Detto questo il pensiero ormai abusato del “tutto com’era bello prima e di come è tanto brutto ora”, penso sia solo frutto di uno scontro generazionale che non abbraccia solamente il calcio e di conseguenza il mondo ultras, ma è applicabile anche alla vita sociale. Ne è prova quando si parla ad esempio di divertimenti e di come un tempo ci si divertiva con poco mentre adesso i giovani hanno bisogno di uno smartphone di ultima generazione per saziare la loro sete. Frase e pensiero quanto mai comune e quanto meno decontestualizzato visto che un tempo, semplicemente, ci si divertiva con ciò che offriva il mercato, perciò se le tasche dei genitori e l’ambiente circostante offrivano al massimo un cortile ed un pallone, era lecito giocare con quelli.
Semmai si potrebbe entrare nel dibattito di un calcio nostrano che ha perso appeal, che in Italia scarseggiano e di gran lunga campioni e fuoriclasse, e che quando si ipotizza di ripartire dalla base bisognerebbe veramente ripartire dal basso, riportando bambini, famiglie, sportivi, ultras e ogni genere di persona allo stadio per invogliarli a seguire e praticare questo sport. Poi ti scontri con il caro prezzi e le lungaggini di rito ed allora capisci che le belle parole restano parole e non si tramutano in fatti e non ti meravigli neanche se l’Italia non si qualifica per la seconda volta ai mondiali vittima della Macedonia senza nemmeno l’onore di uscire col Portogallo.

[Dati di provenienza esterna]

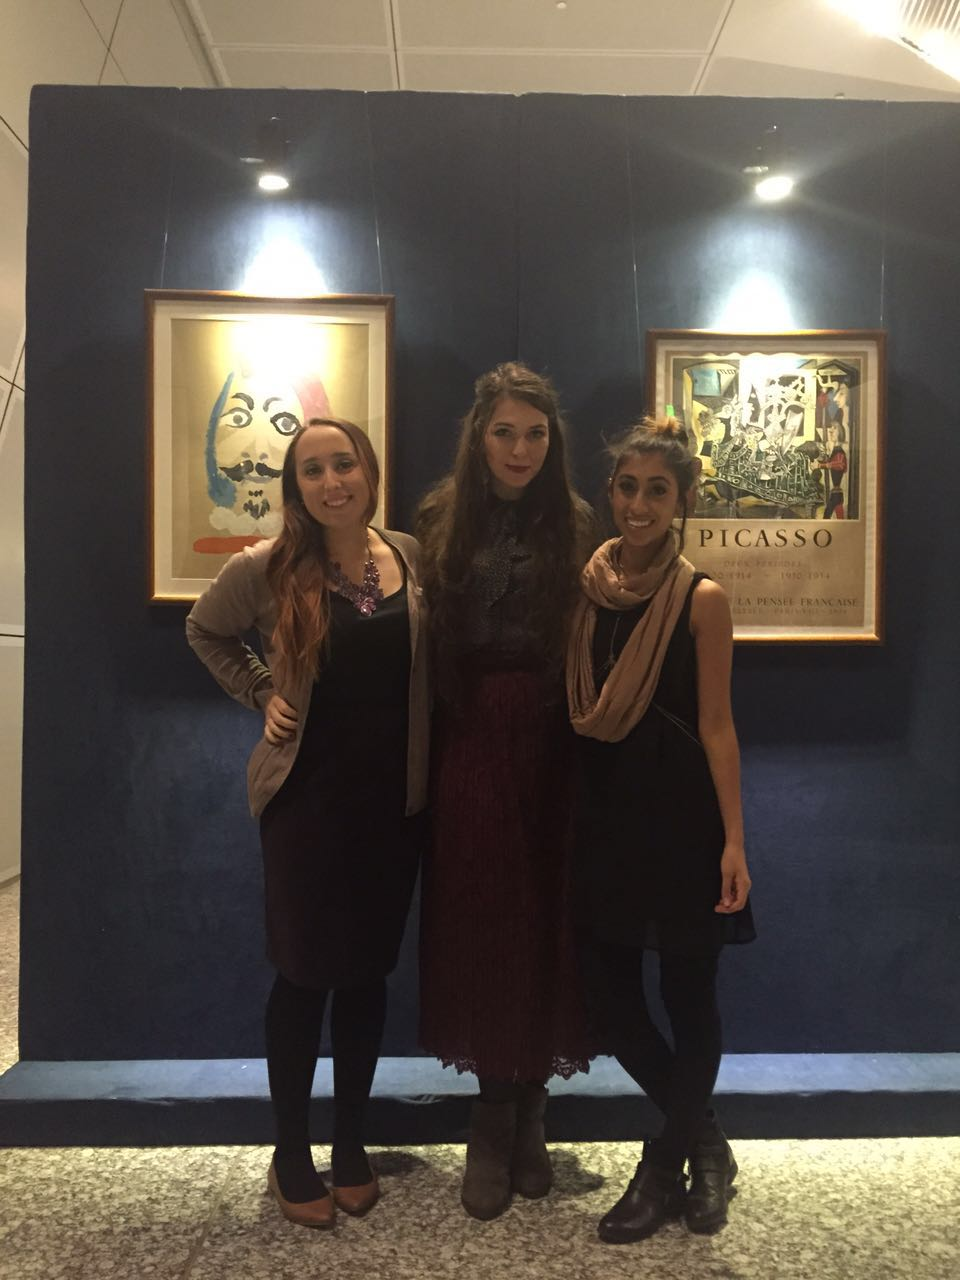 Picasso and Dali art exhibit.

Divagazione necessaria per analizzare un incontro che di interessante ha poco o niente. Sul terreno di gioco si affrontano due squadre praticamente senza obiettivi, i padroni di casa sono destinati a scendere di categoria mentre gli ospiti avranno la magra consolazione dei play off che in serie D vuol dire entrare in un’ipotetica classifica di merito dove diversi fattori permettono eventualmente un ripescaggio. Vabbè, lasciamo perdere ed andiamo oltre. Aggiungiamo pure il giorno lavorativo e l’orario pomeridiano e così non mi posso stupire se all’inizio delle ostilità allo stadio Armando Picchi saranno presenti un centinaio scarso di persone disposte nell’unico settore aperto, la tribuna centrale.
Gli ospiti arrivano verso il trentesimo minuto, si sistemano nella parte scoperta della tribuna ed attaccano pezze e striscioni. Basta vedere i numeri al seguito per definire quella amaranto una tifoseria in ottima forma, poi li vedi compatti, chiassosi, sempre a sostenere la squadra in una partita fondamentalmente inutile e confermi quanto di buono gli ultras riescono a fare anche oggi, malgrado tutte le problematiche che devono affrontare.
La Curva Sud si conferma realtà importante ed in questo pomeriggio per numeri e passione è da lode visto che, come sua abitudine, anche sull’aspetto estetico e coreografico non sbaglia una virgola. Se la partita sul terreno di gioco vede l’Arezzo asfaltare i padroni di casa, sugli spalti gli ultras amaranto riescono ad offrire una prova ammirevole per attaccamento ai colori e soprattutto per i numeri portati a Livorno. Lunga vita agli ultras!